Every line of the listing below is to be duplicated exactly, with the pictures left out.

• **Provided material**:
'''

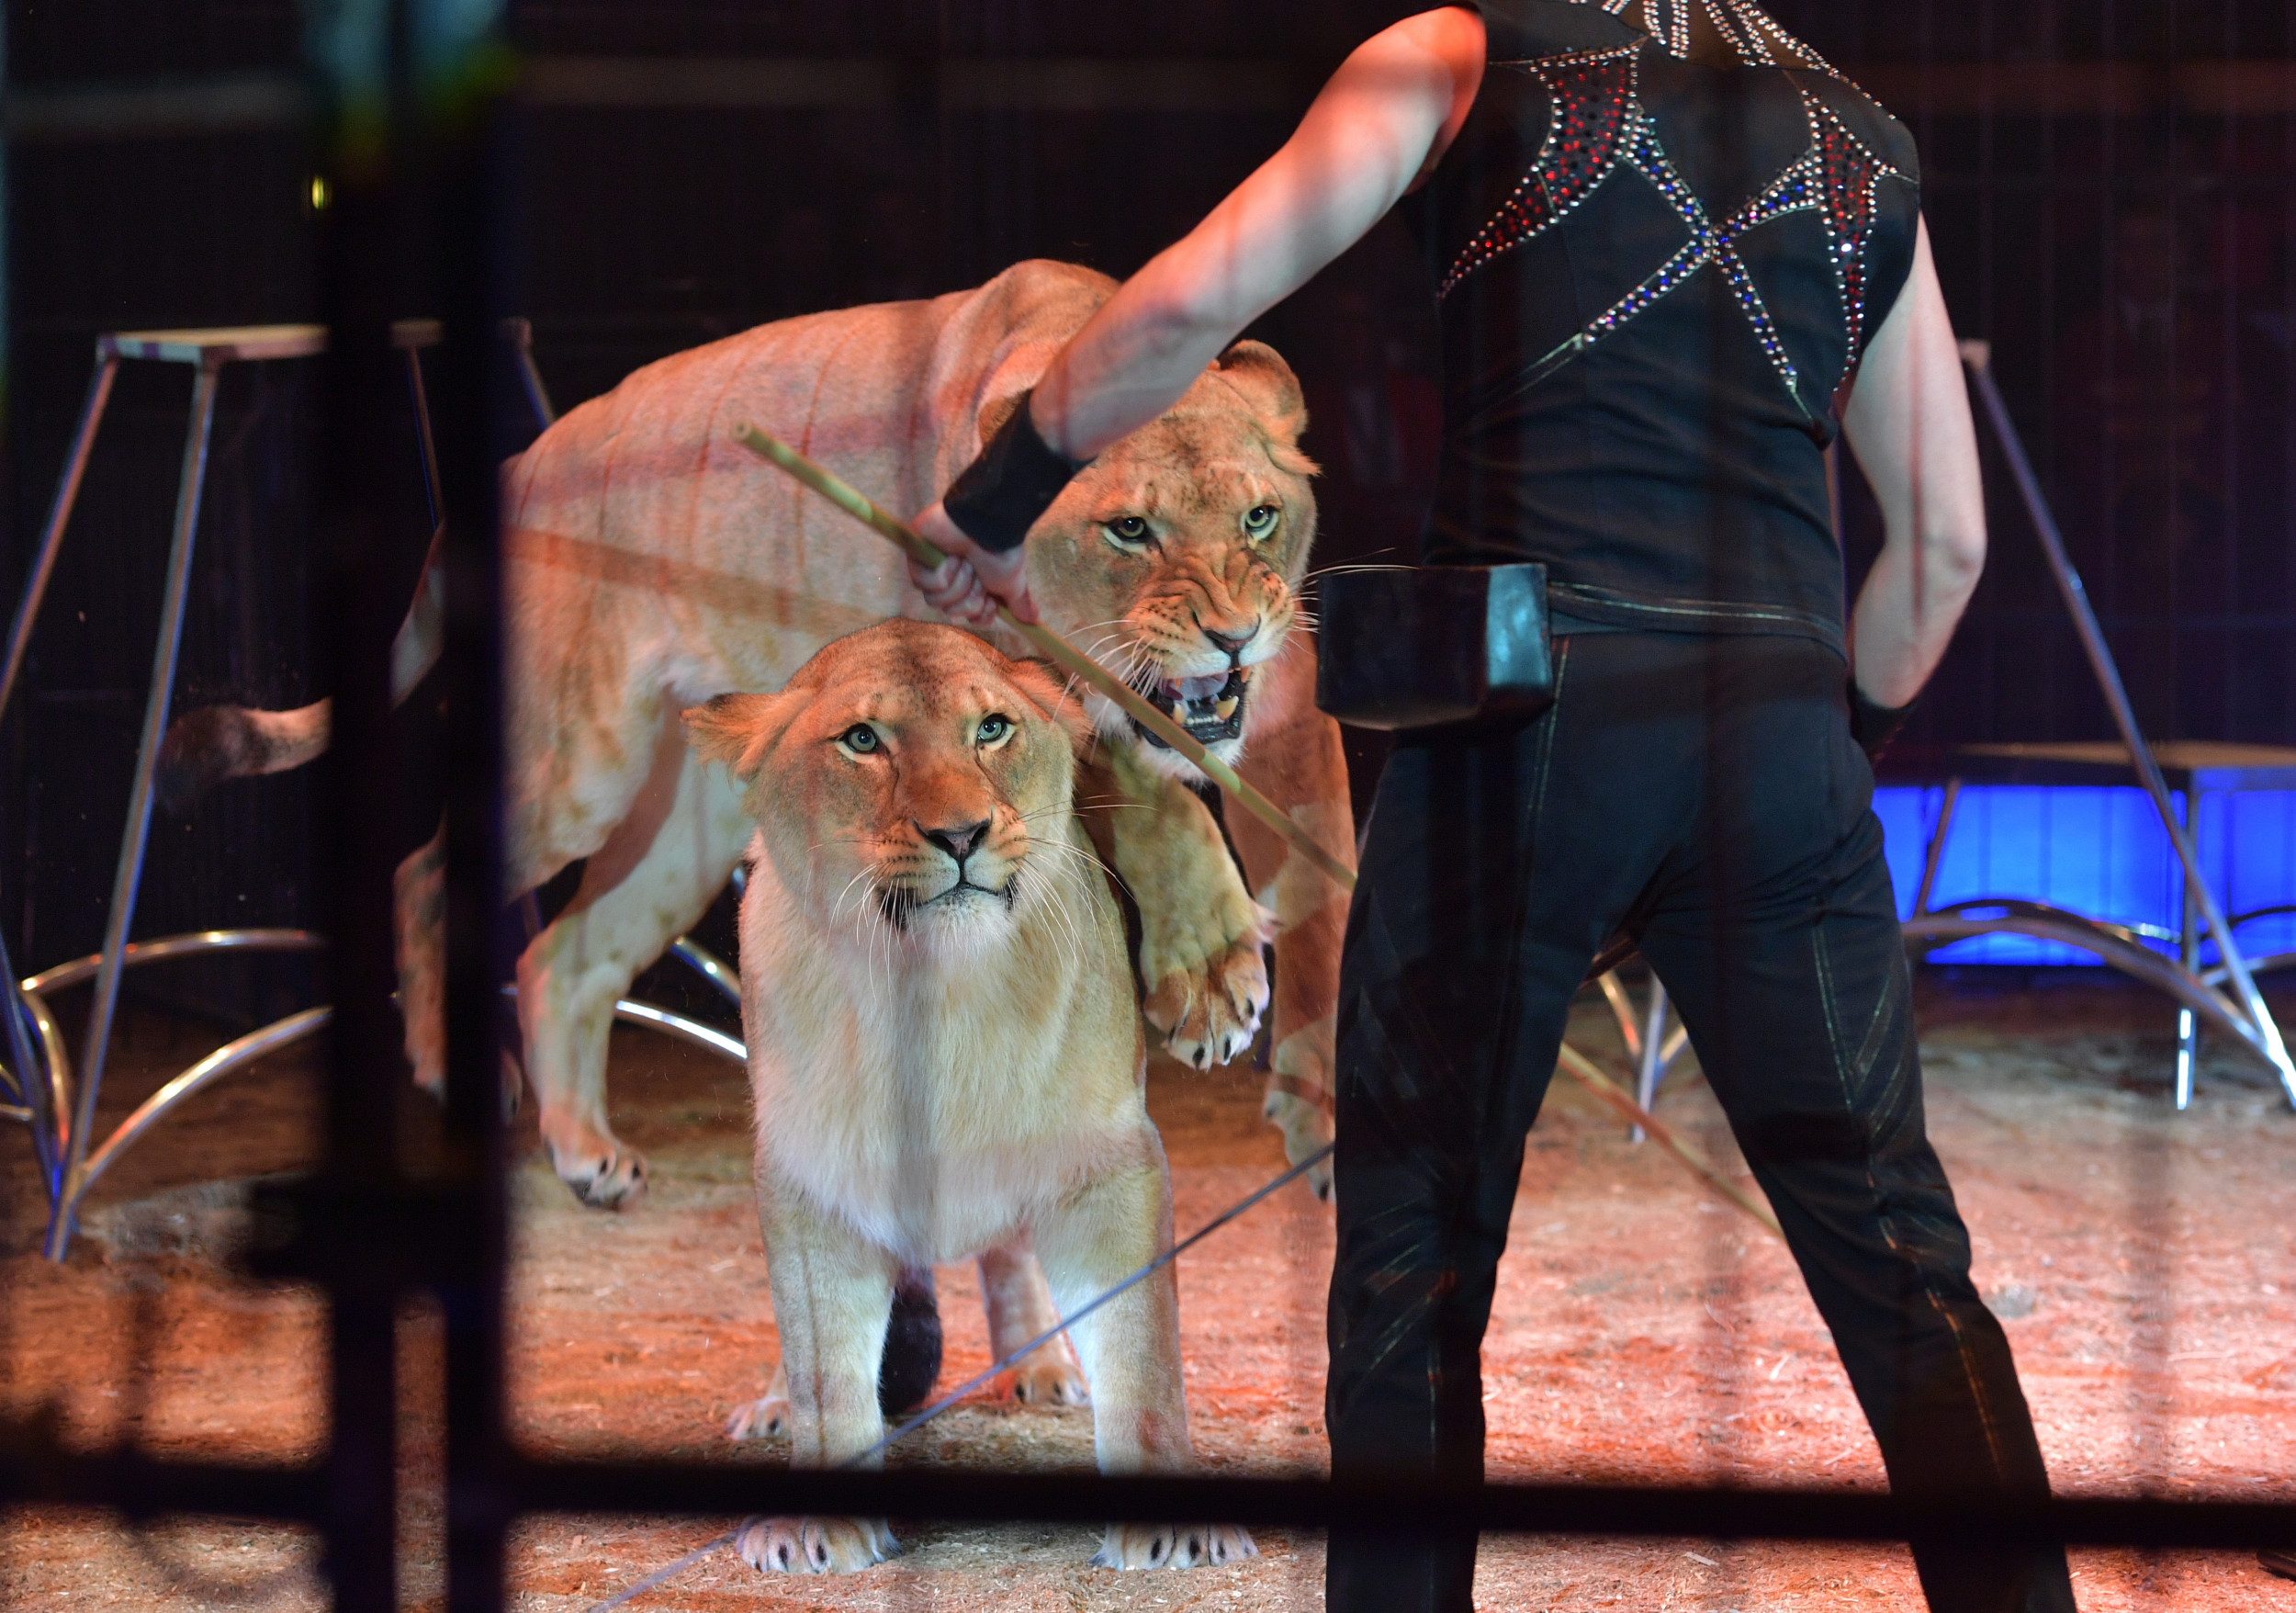 Lion Mauls Circus Handler in Horrific Video
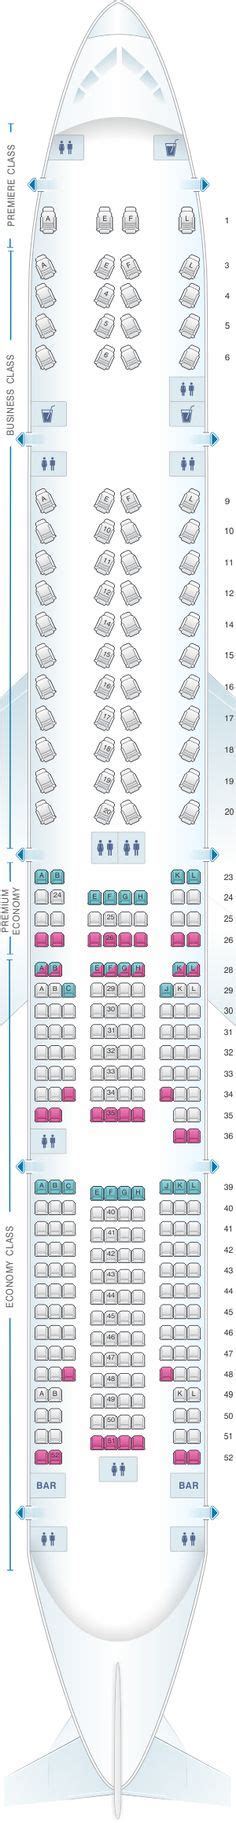 Seat Map Scandinavian Airlines Sas Bombardier Canadair Crj 900
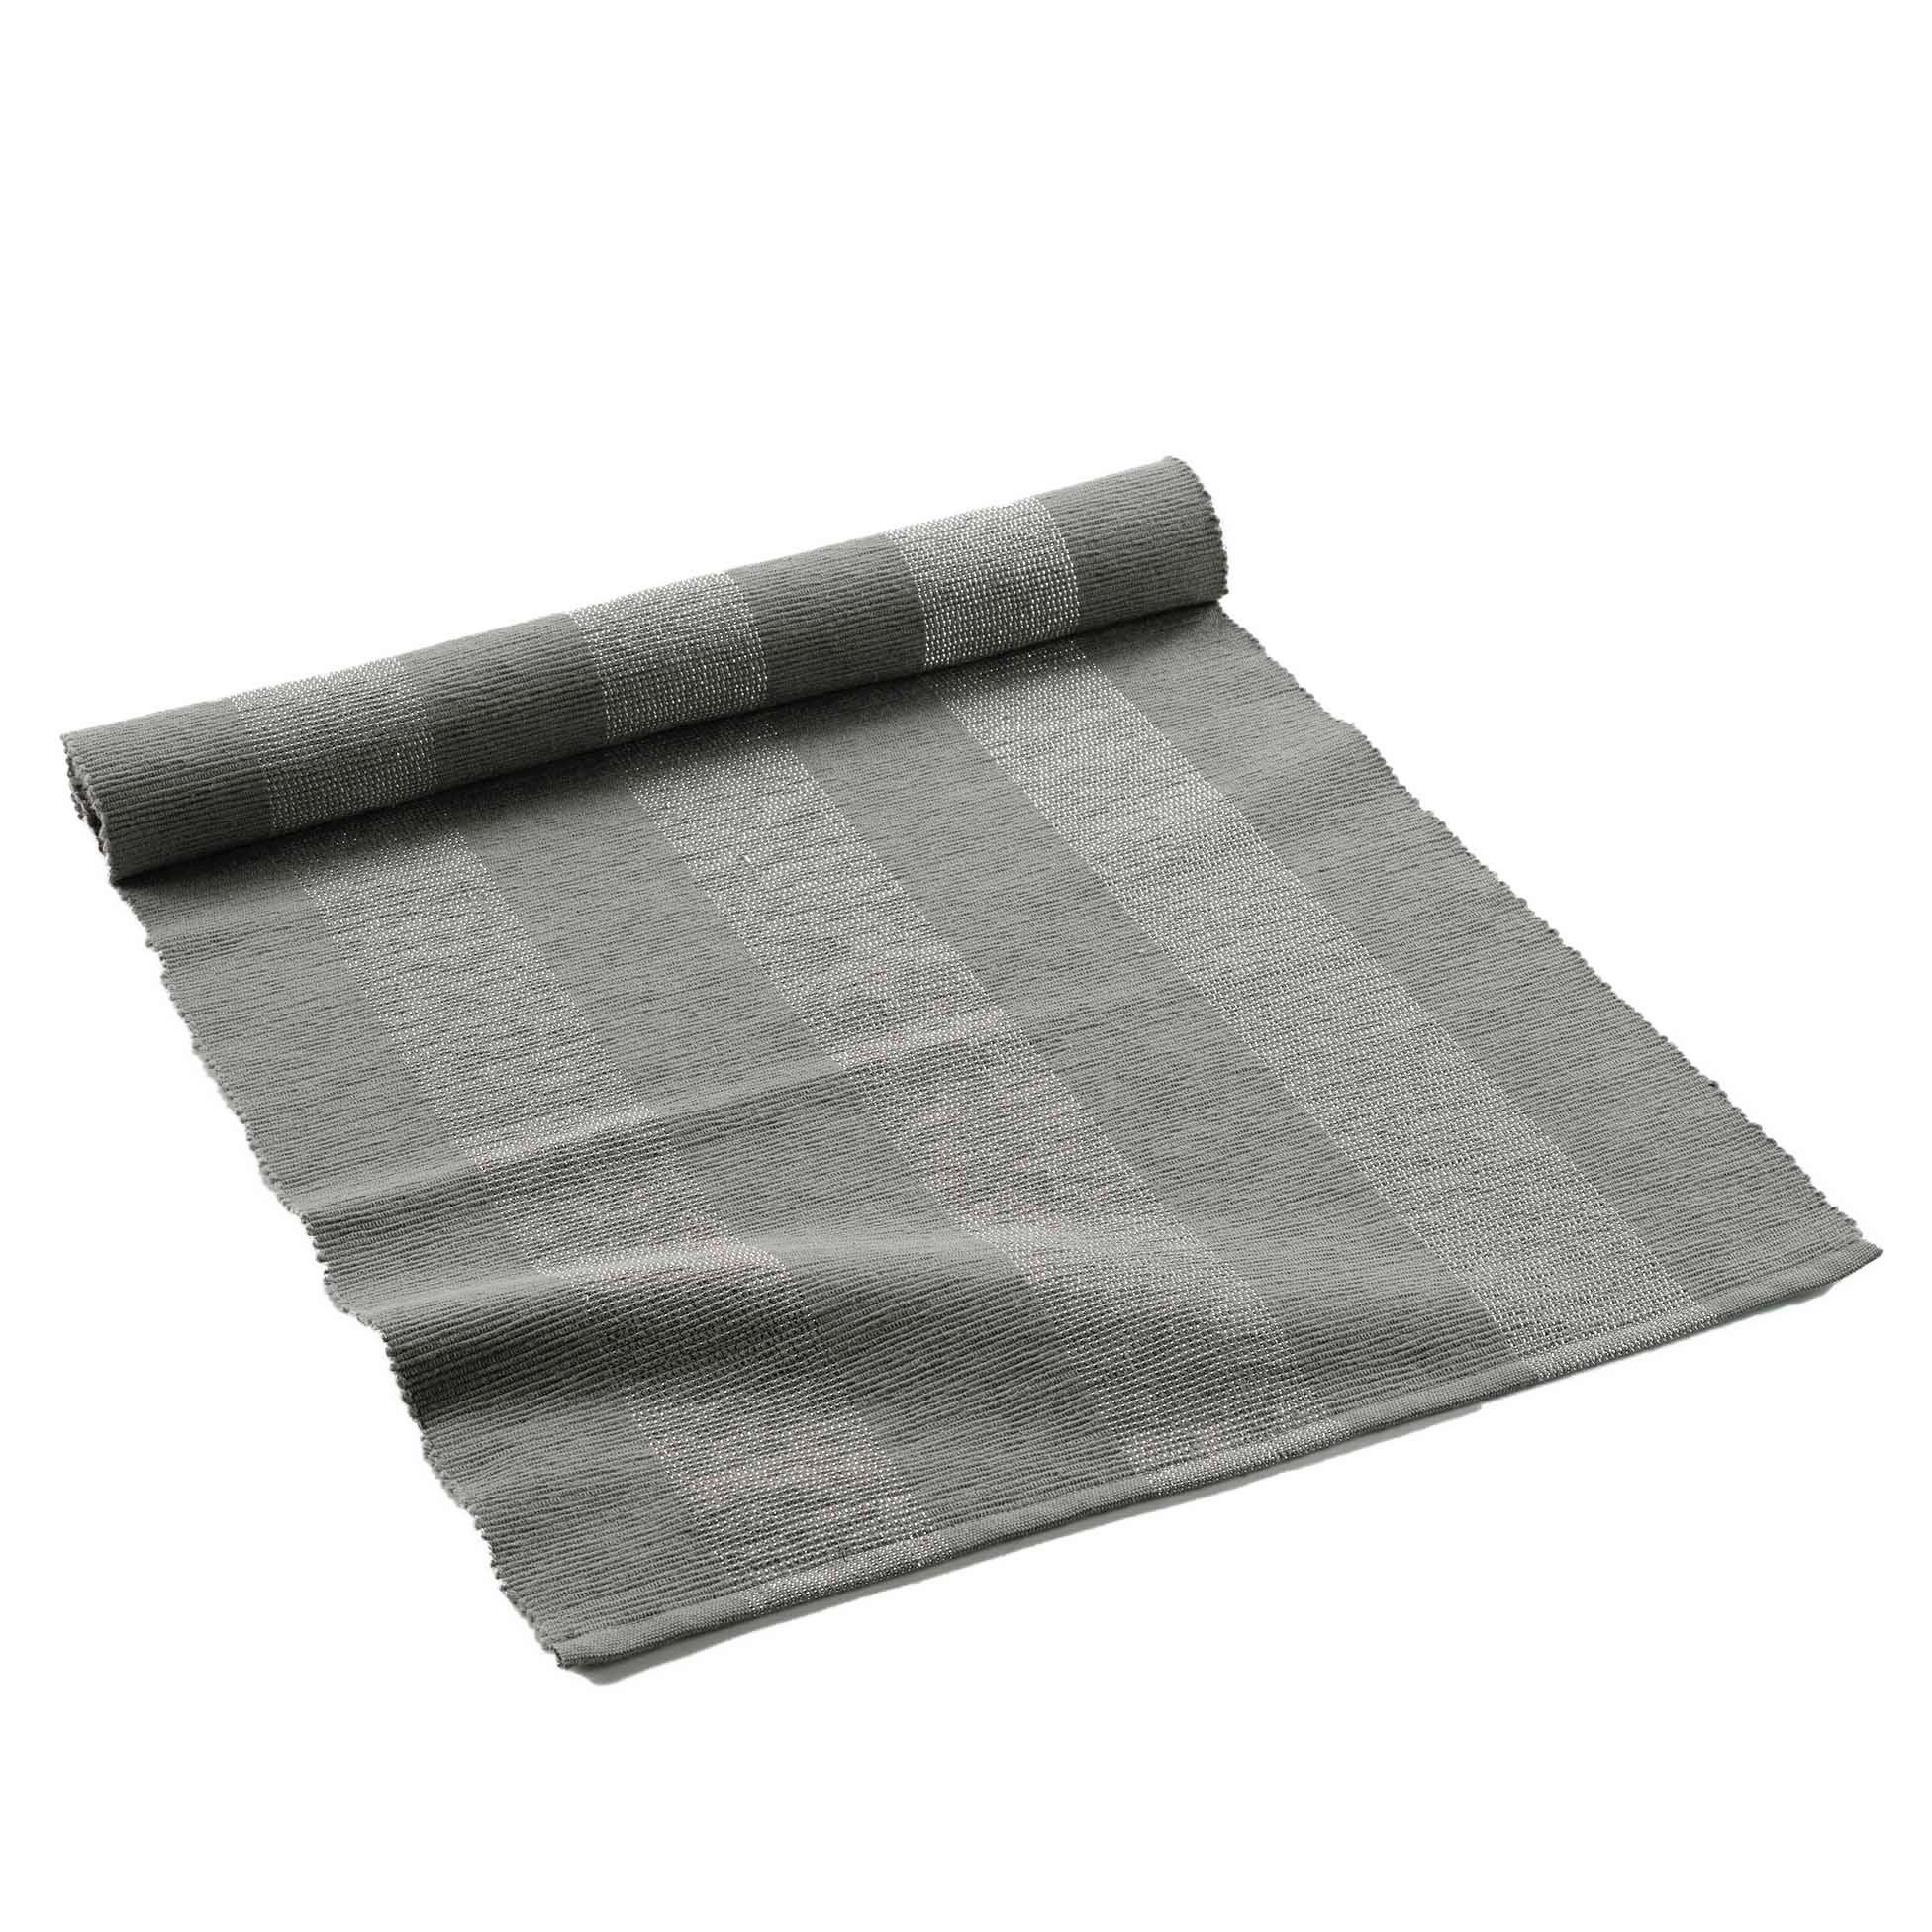 NADSTOLNJAK 40/140 cm   - tamno siva, Basics, tekstil (40/140cm)

'''

• **Problem solution**:
 Lion Mauls Circus Handler in Horrific Video
 Seat Map Scandinavian Airlines Sas Bombardier Canadair Crj 900
 NADSTOLNJAK 40/140 cm   - tamno siva, Basics, tekstil (40/140cm)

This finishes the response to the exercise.